Output only the lines below from the one holding "墨田区錦糸 あみ鍼灸整骨院" down to the one holding "La segunda parte", both end lines included and every picture dropped.
START Exercise materials
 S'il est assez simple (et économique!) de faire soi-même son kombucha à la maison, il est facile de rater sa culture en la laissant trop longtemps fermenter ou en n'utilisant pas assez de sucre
END Exercise materials
START Exercise materials
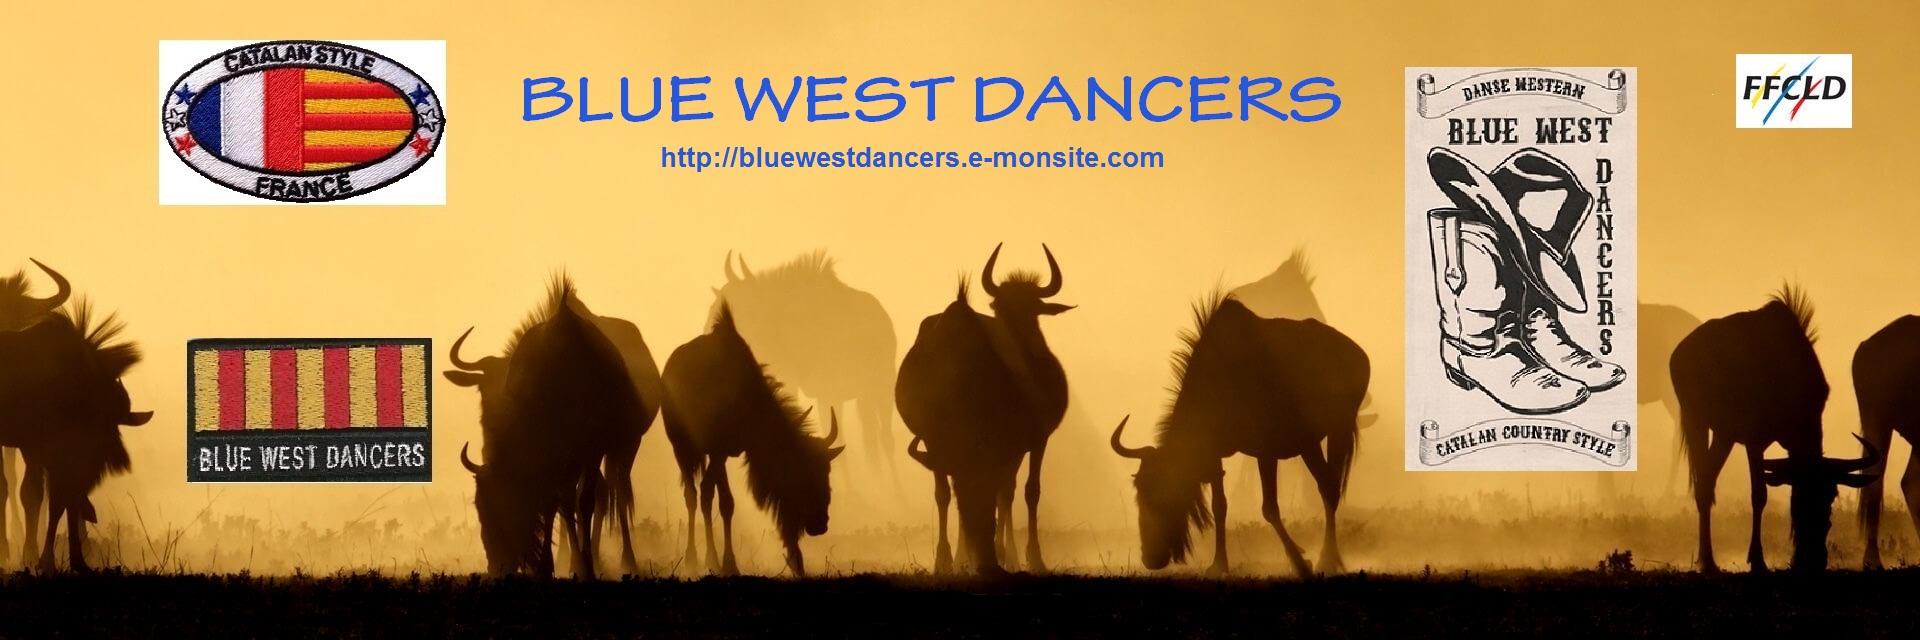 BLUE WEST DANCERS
END Exercise materials
START Exercise materials
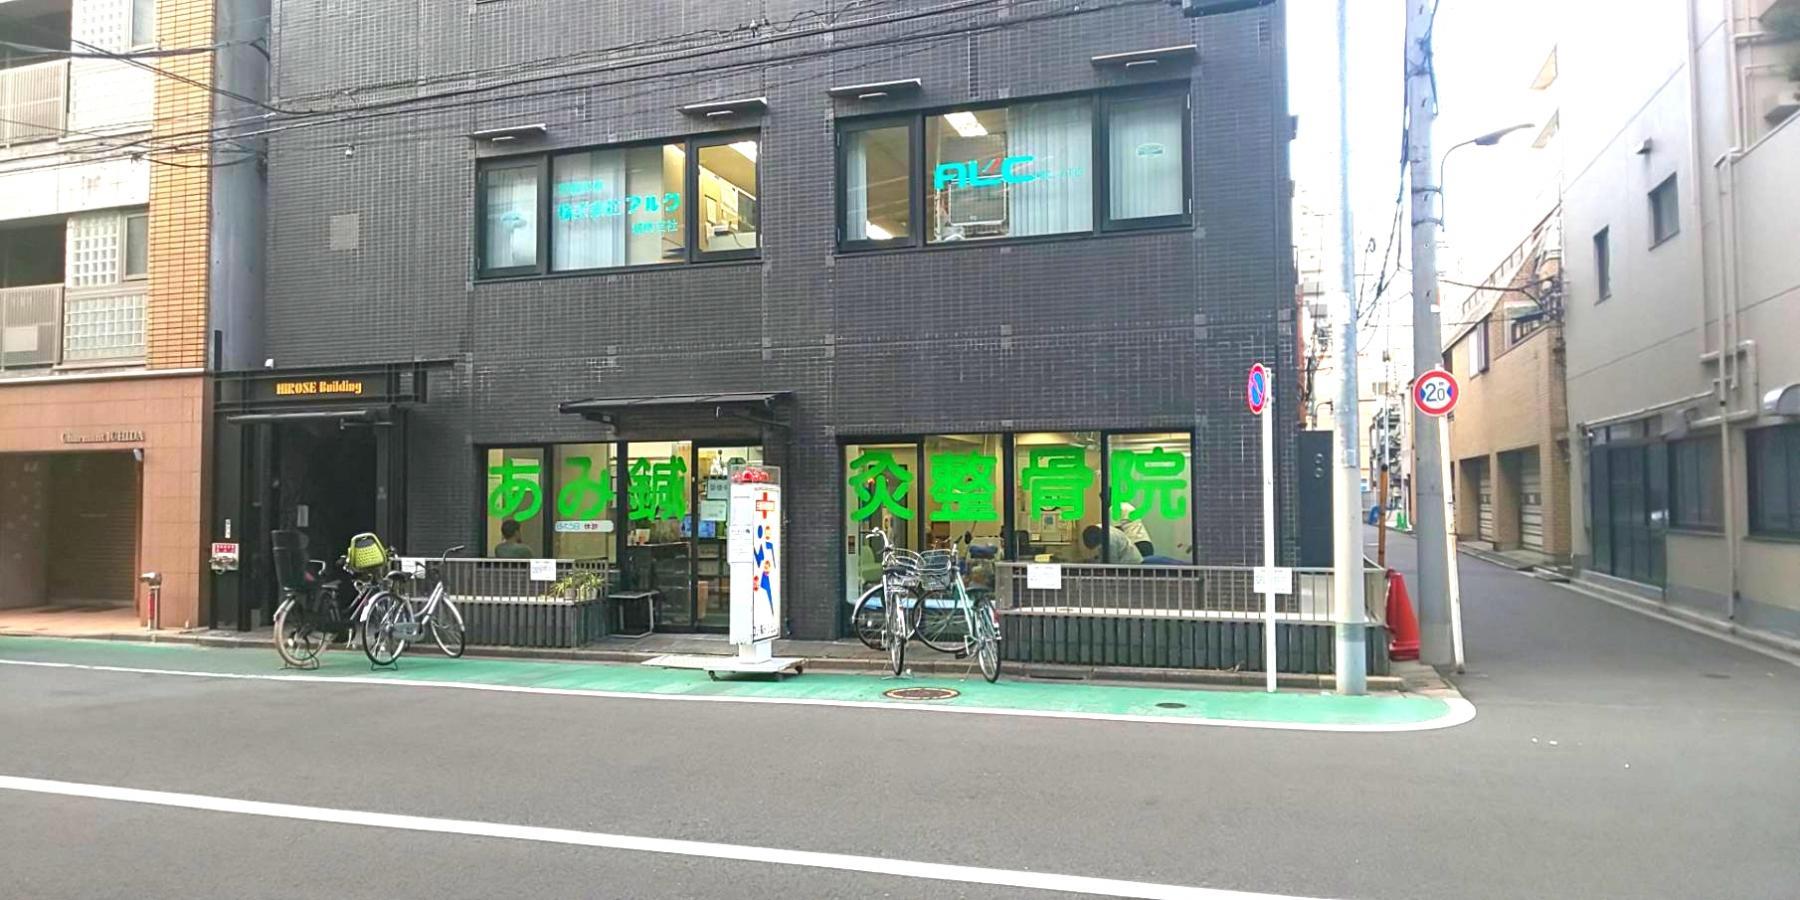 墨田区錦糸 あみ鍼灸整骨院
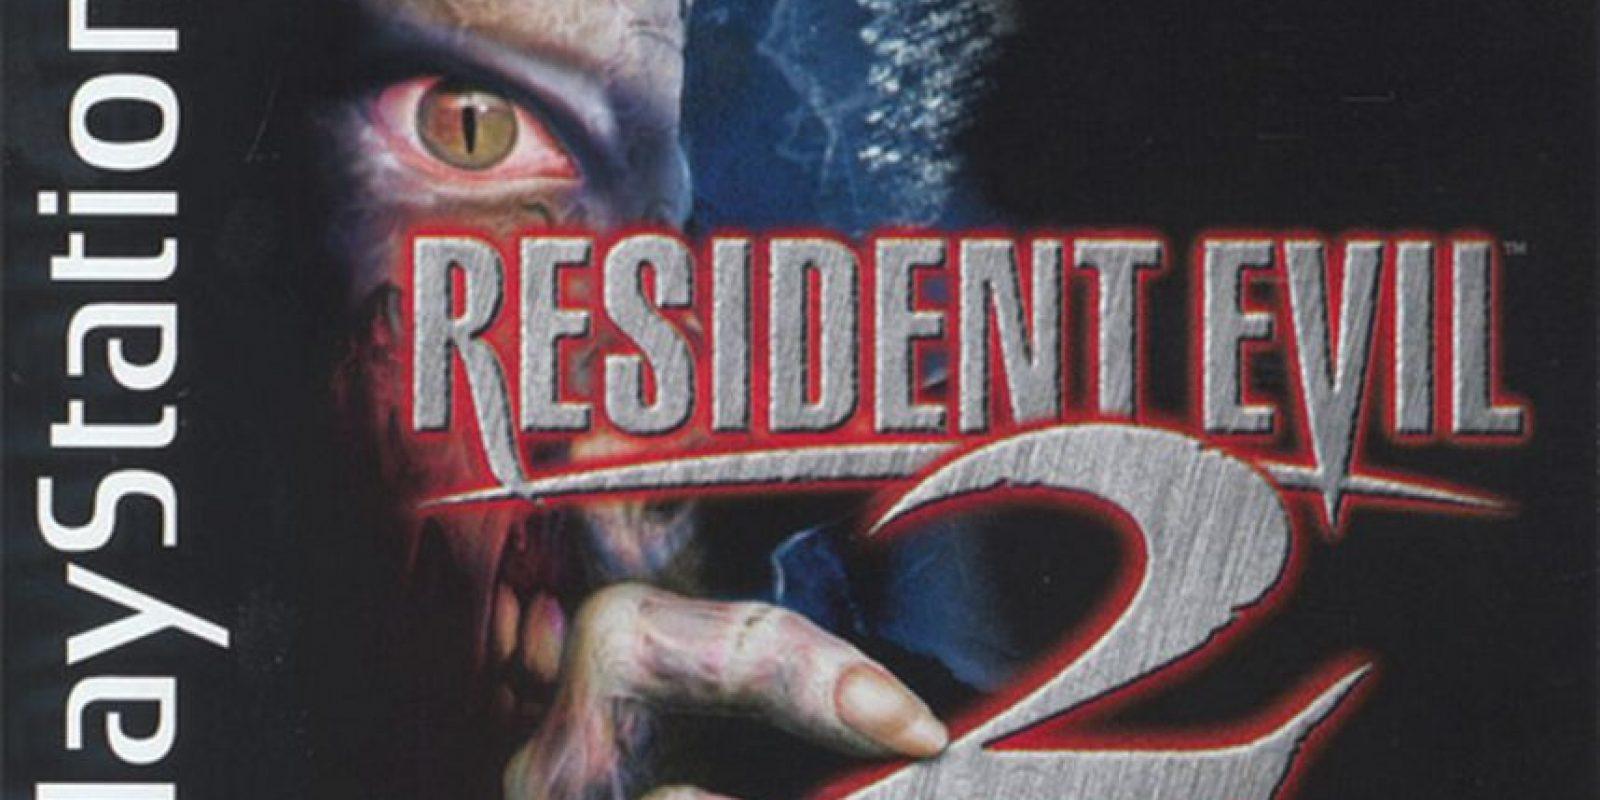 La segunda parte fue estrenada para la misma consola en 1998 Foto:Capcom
END Exercise materials
▶ Reply:
 墨田区錦糸 あみ鍼灸整骨院
 La segunda parte fue estrenada para la misma consola en 1998 Foto:Capcom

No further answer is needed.